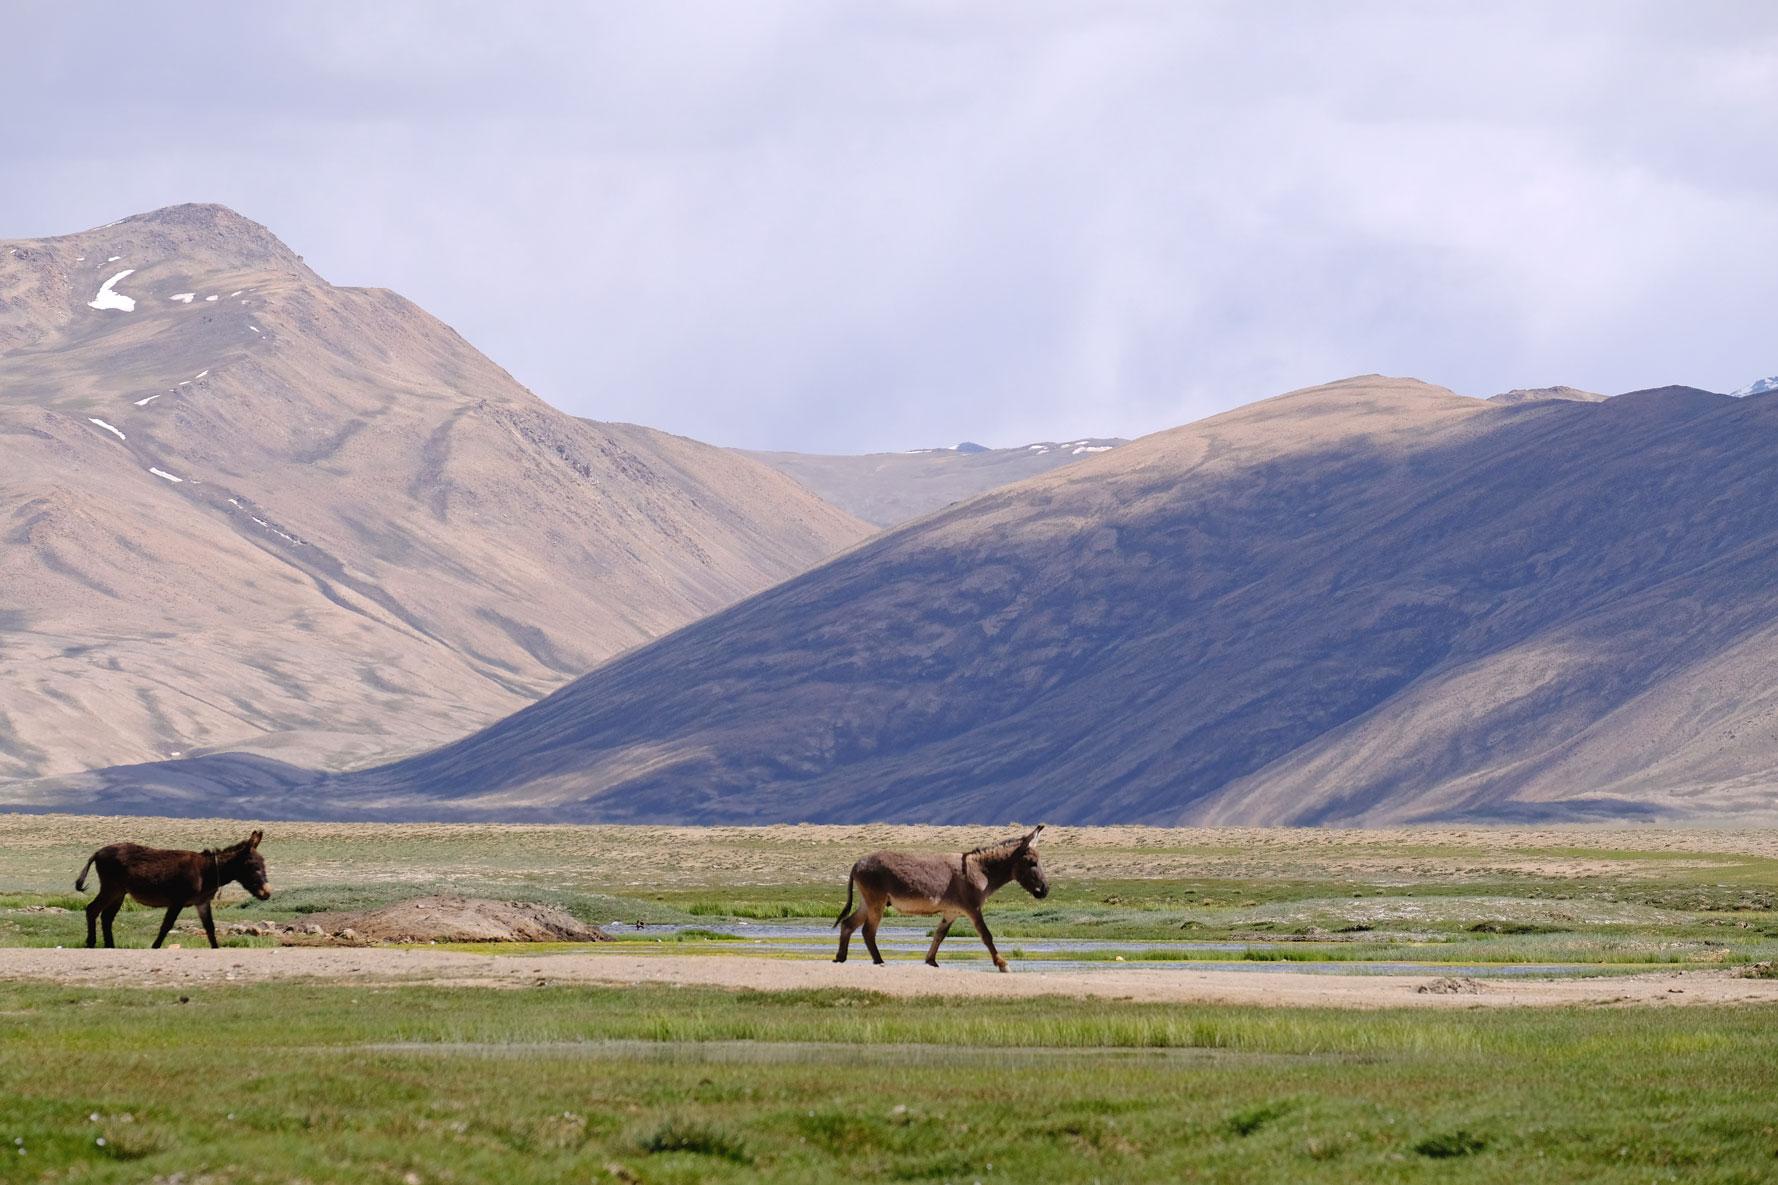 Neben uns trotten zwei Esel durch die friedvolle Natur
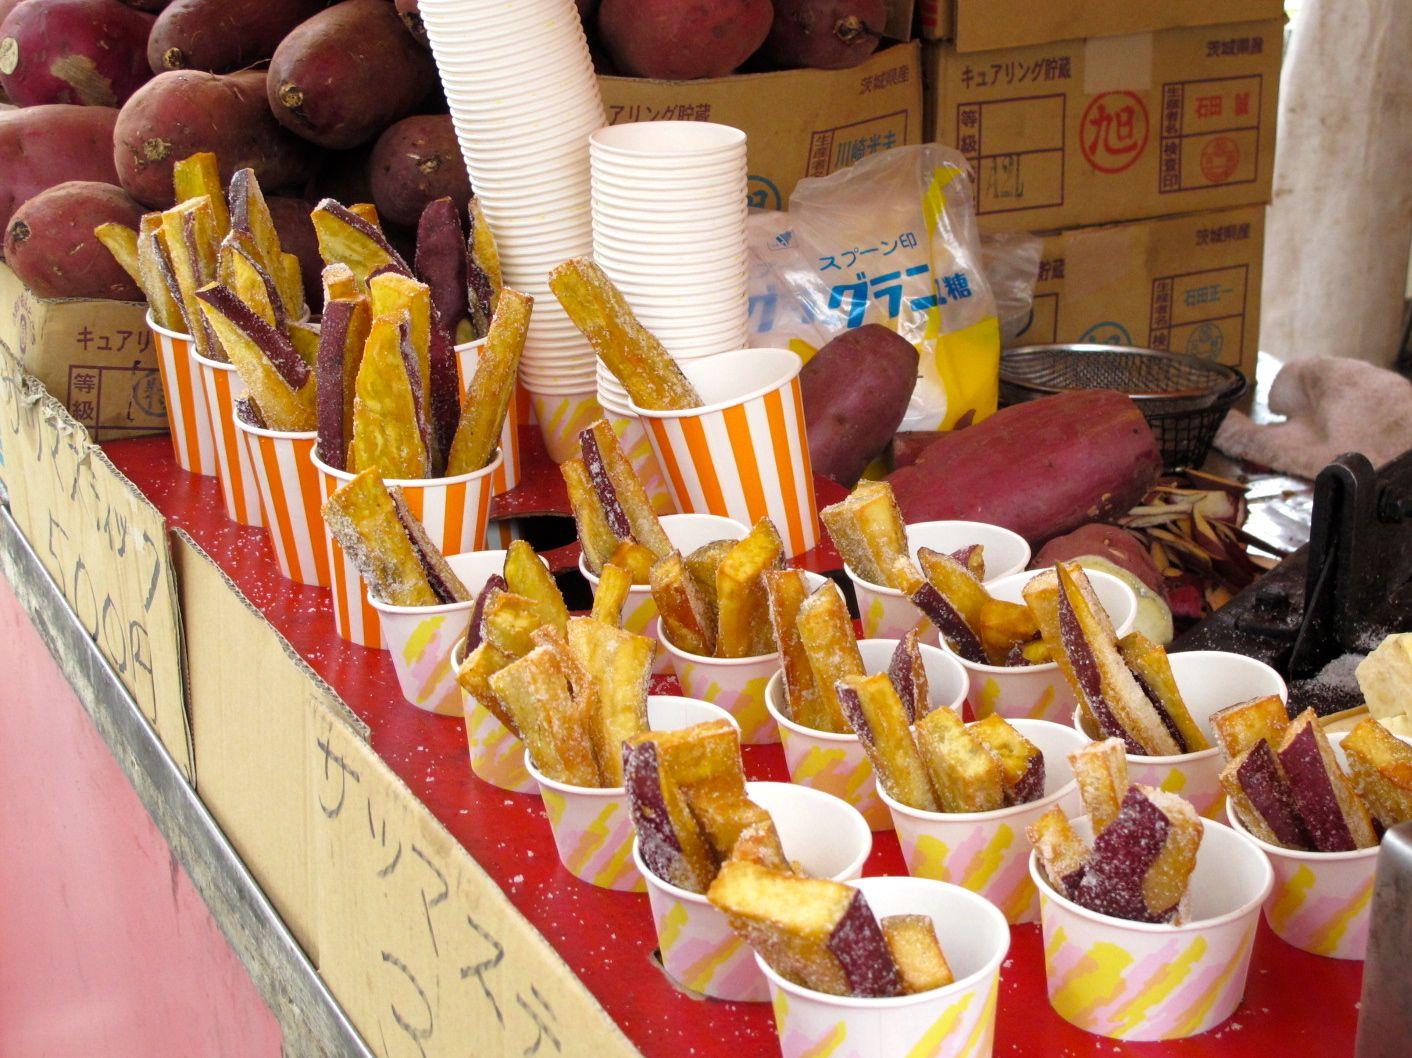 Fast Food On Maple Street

▬▬▬▬▬▬▬▬▬▬

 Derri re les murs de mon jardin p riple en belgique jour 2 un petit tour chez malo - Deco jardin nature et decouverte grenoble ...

▬▬▬▬▬▬▬▬▬▬

> The problem
Above are records; repeat only the lines from the line with "Neben uns trotten" through the line with "Fast Food On Maple Street", and leave pictures out.

> Result of the task
 Neben uns trotten zwei Esel durch die friedvolle Natur
 Fast Food On Maple Street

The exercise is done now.